Not to be boxed in by one interest, her film 99 Geiger Road explores the Jewish bungalow communities outside of New York City.

99 Geiger Road
For a good part of the 20th century, hundreds of thousands of Jewish New Yorkers escaped the heat and mugginess of the city for the country - the Catskill Mountains. Most stayed in bungalow colonies - small clusters of simple cottages - which dotted the mountains less than a hundred miles north of New York City. Also known as the Borscht Belt, this was a vibrant world of ethnic culture and a starting point for many famous entertainers who performed in its hotels and bungalow colonies.

Today, the region is almost a ghost town. With the advent of air conditioning, the suburbs and cheaper airfares, bungalow colonies died out.
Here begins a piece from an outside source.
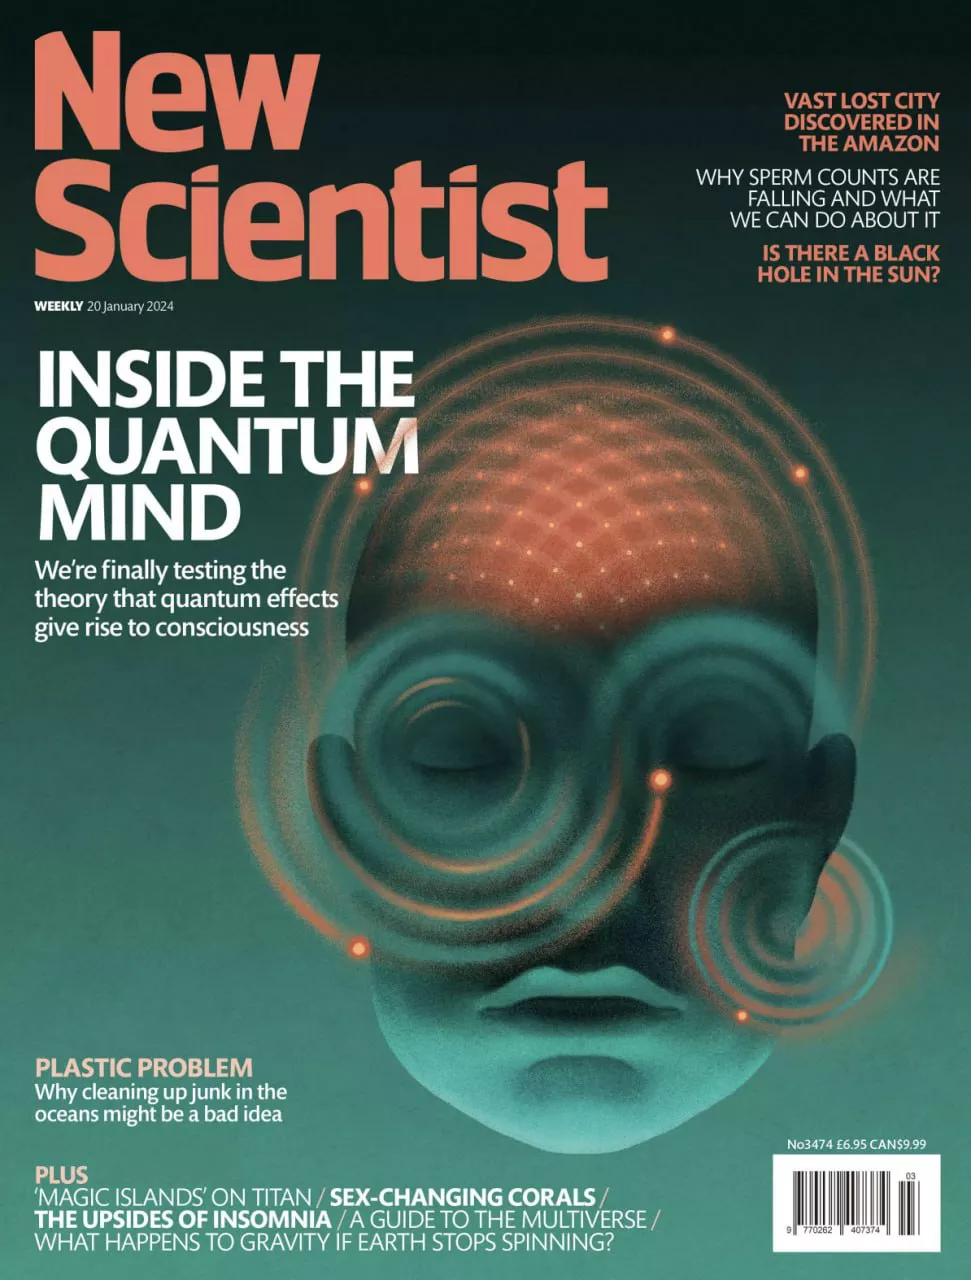 New Scientist - 20 January 2024 (science)

Yet, a handful still remain. One group, not often associated with levity, is enjoying life to the hilt in its Catskill summer home. However, the idyll might soon be ending. After 25 years, the Holocaust survivors of the Four Seasons Lodge are about to sell their bungalow colony. It would be the end of a tight-knit community, family to each other, bound together by staggering losses. 99 GEIGER ROAD is an intimate look at a dwindling but feisty community and at a New York and Jewish cultural icon of the 20th century - the bungalow colonies of the Borscht Belt.